2. Can you provide a customer reference from a hiring manager user of your platform? Perhaps a VP of Marketing or Director of Engineering?
If you aren’t asking your vendor to send you a customer reference that’s NOT on the recruiting team, then you’re missing the mark. Your time to hire is a minimum of 3x faster when you’re hiring managers actually approve reqs, screen applicants, rate candidates, and make hiring decisions without your recruiting team handholding them through every step in the process. This means that they need to love the product as much as you do – and immediately. It can’t be hard to use. It can’t be hard to train. So, hear it from the horses mouth – it’s a logical ask!
3. How can I track my cost per hire? Show me.
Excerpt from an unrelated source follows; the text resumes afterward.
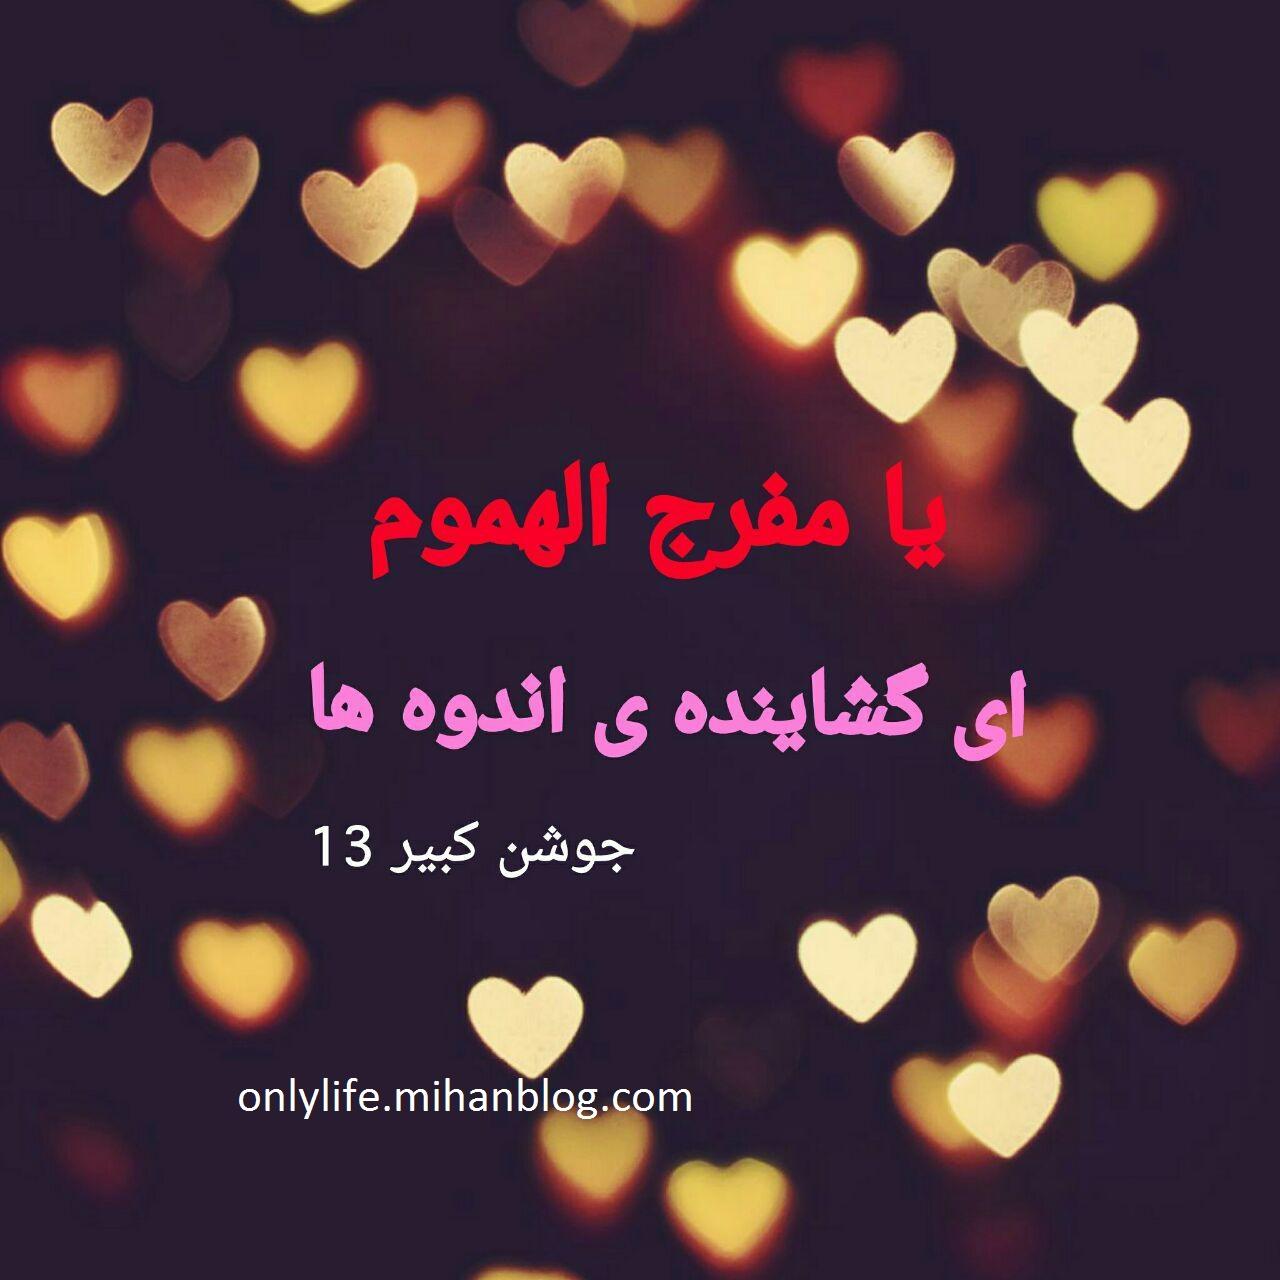 http://s3.picofile.com/file/8194744284/Khoda.jpg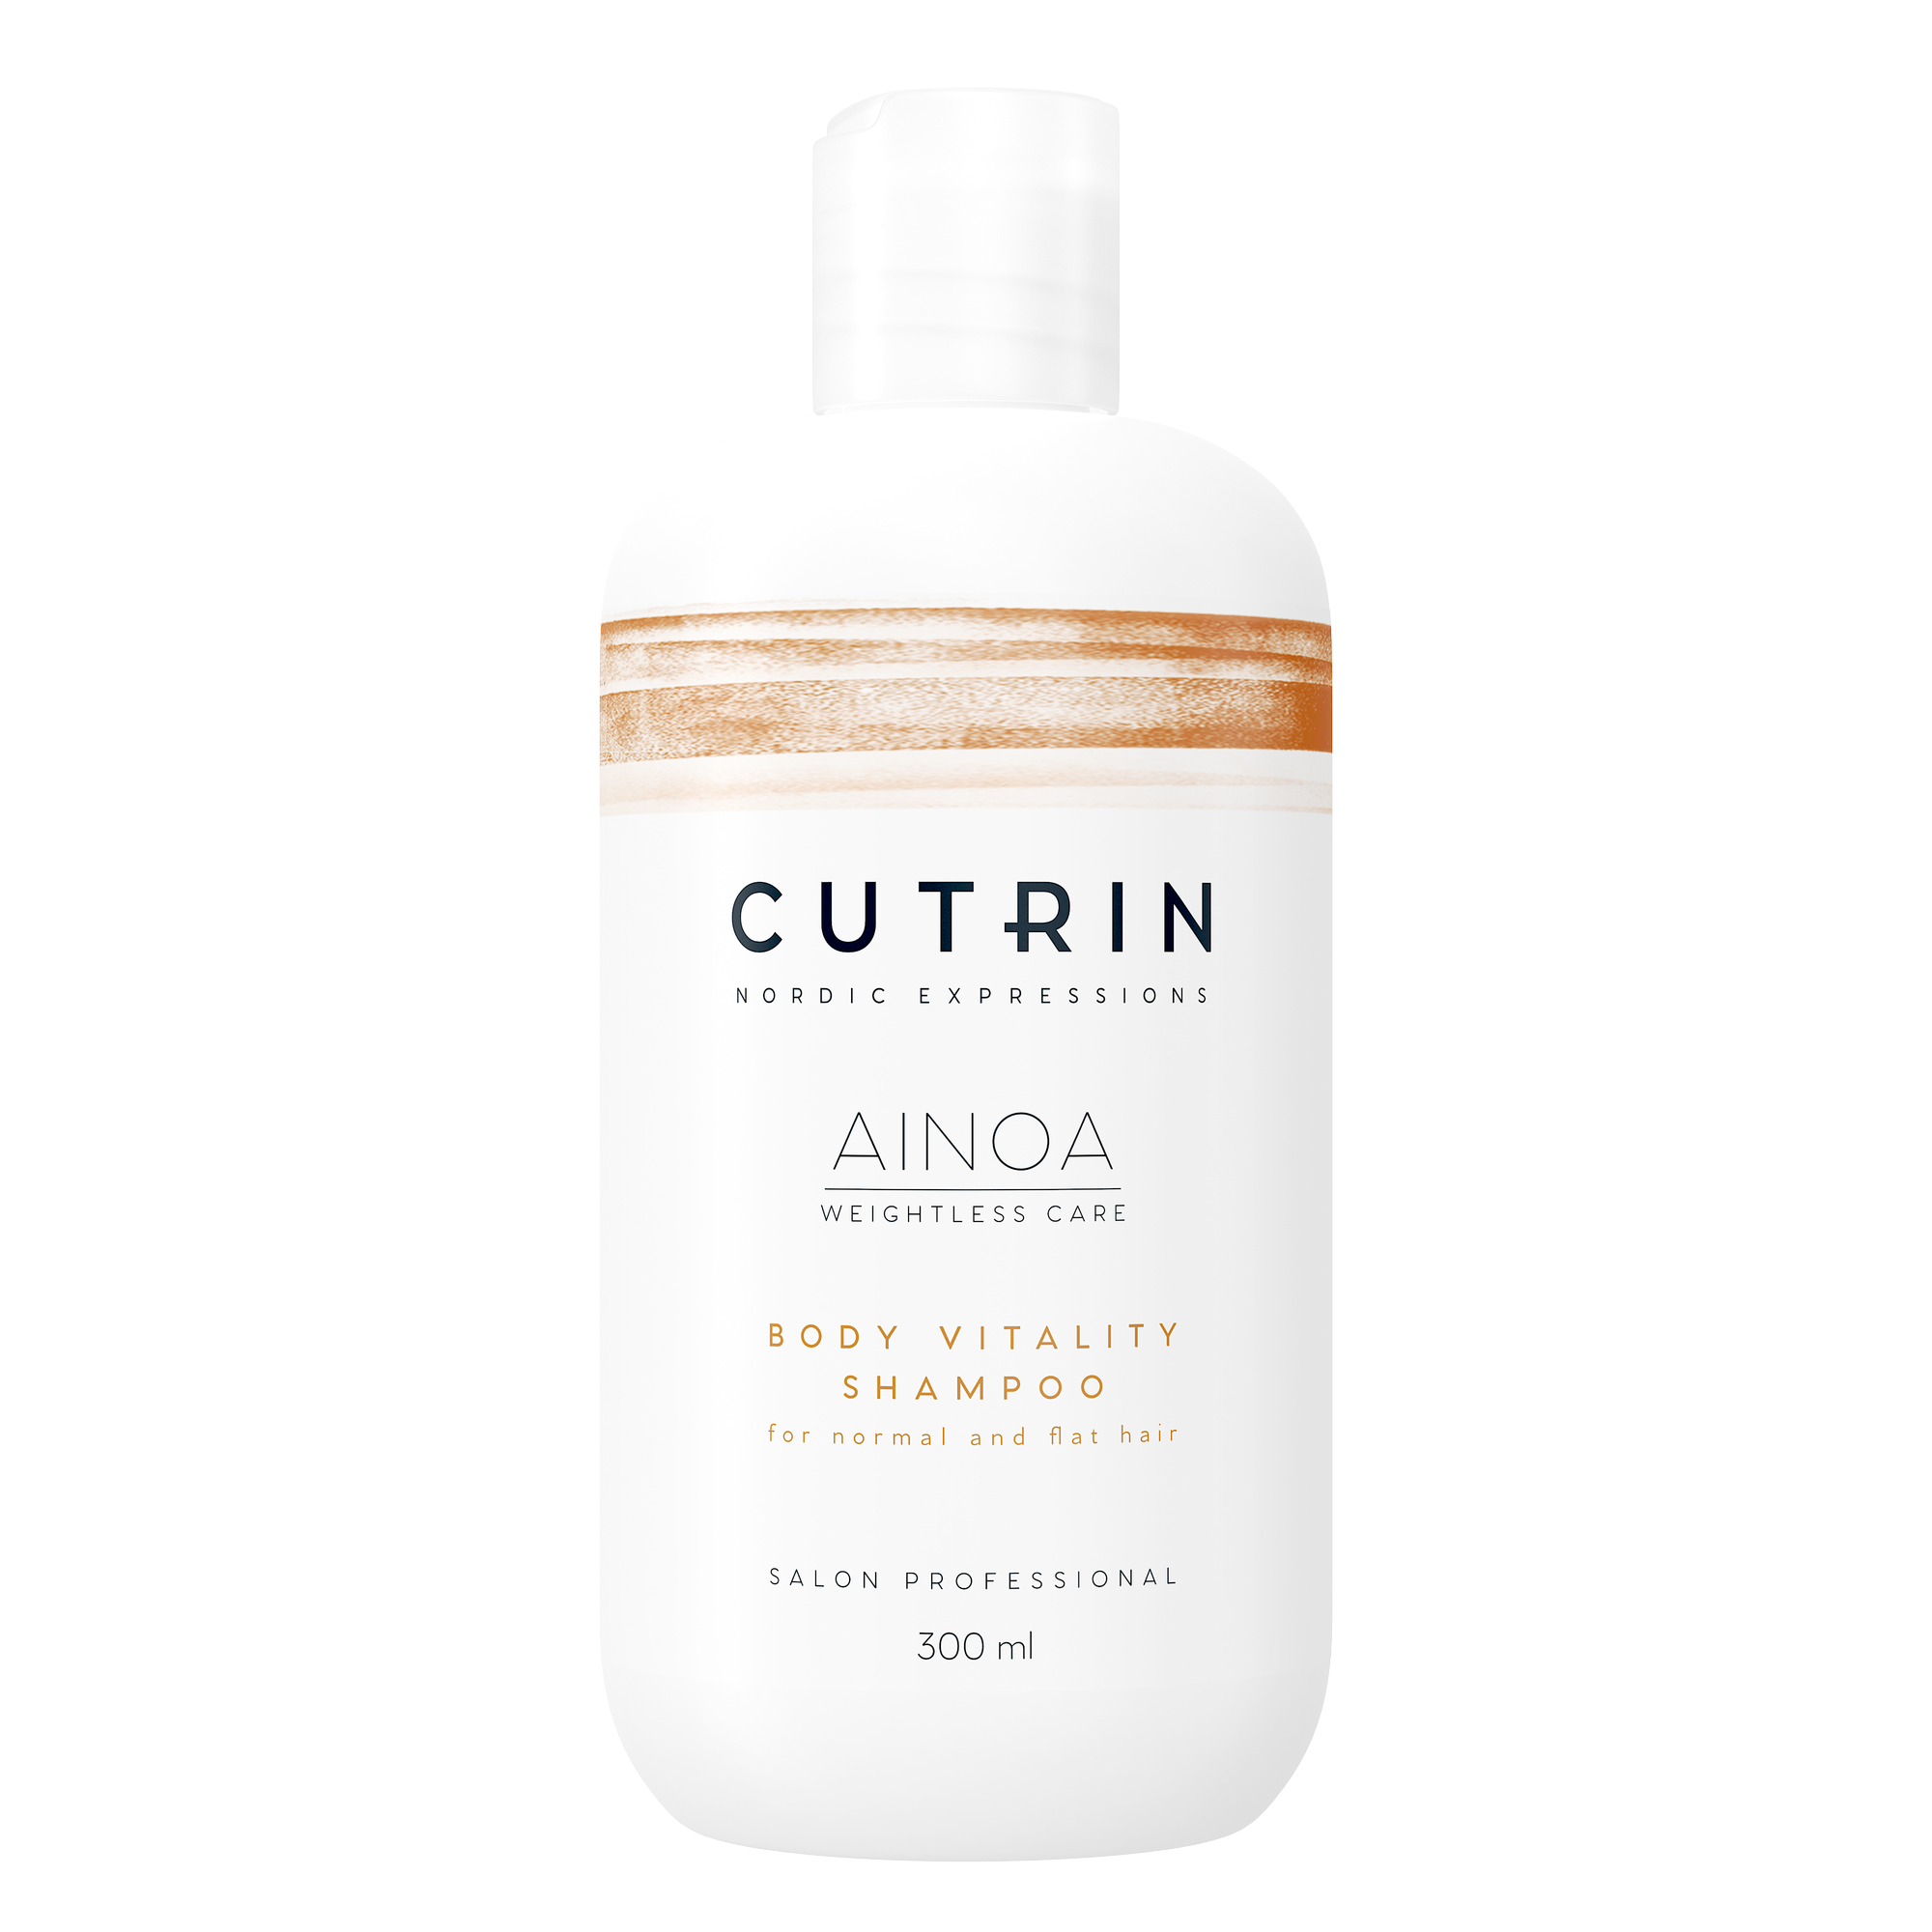 CUTRIN Шампунь для укрепления волос / AINOA BODY VITALITY 300 мл.

Oh, reporting. You love it, hate it, and inevitably need to learn how to use it at the eleventh hour as the CEO is demanding that an obscure metric be delivered before he leaves for the day. What’s even worse is when you need to pull data from your HRIS, ATS, job distribution, and assessment tools in order to get the answer. Newsflash: It should all be there, in the recruiting platform. Cost per hire is as important, if not more, than time to fill. With all the tools out there today, it’s shocking that not one ATS has been able to give a customer that metric without saying the word “integration” or “custom fields.” Not cool. So do yourself a favor and know what you’re getting into – how hard will it be for you to get what you need?
4. What are the three things you were hoping you wouldn’t need to show me?
Every sales rep is hoping and praying that you don’t ask to see one (or two) things. It’s impossible to be everything to every customer, and though platforms can come close, it’s important that you know exactly where those gaps are as they relate to your organization. So ask, and ask more than one person on the vendor team. Guessing what the weaknesses are for each vendor on your list will surely lead you astray.
5. How do you define hiring success?
If the vendor can’t define what hiring success means to them and their existing customers, you’re already in trouble. Isn’t that the point of the tool? What should be more important, is how you will be able to know and report on whether or not you’re being successful. It should be embedded into every corner of the product, visible to hiring teams helping you engage candidates, and easily accessible by executives that may need to be giving more attention to areas of the business that are struggling to hire quickly. Quality should be clear, measurable, and consist across every internal team, and the results should be celebrated. Look for real metrics, product features, and specific explanations from your vendors. Vague, hypothetical answers aren’t going to get you anywhere or make you look like a rockstar when literal, actionable hiring success is the only thing you care about once the tool is live.
A company’s true value rests almost entirely in it’s talent, so your ATS should and can be how you find, assess, and hire that talent as efficiently as possible. It is an invaluable asset to an organization of any size. So, ask the tough questions and demand honest answers.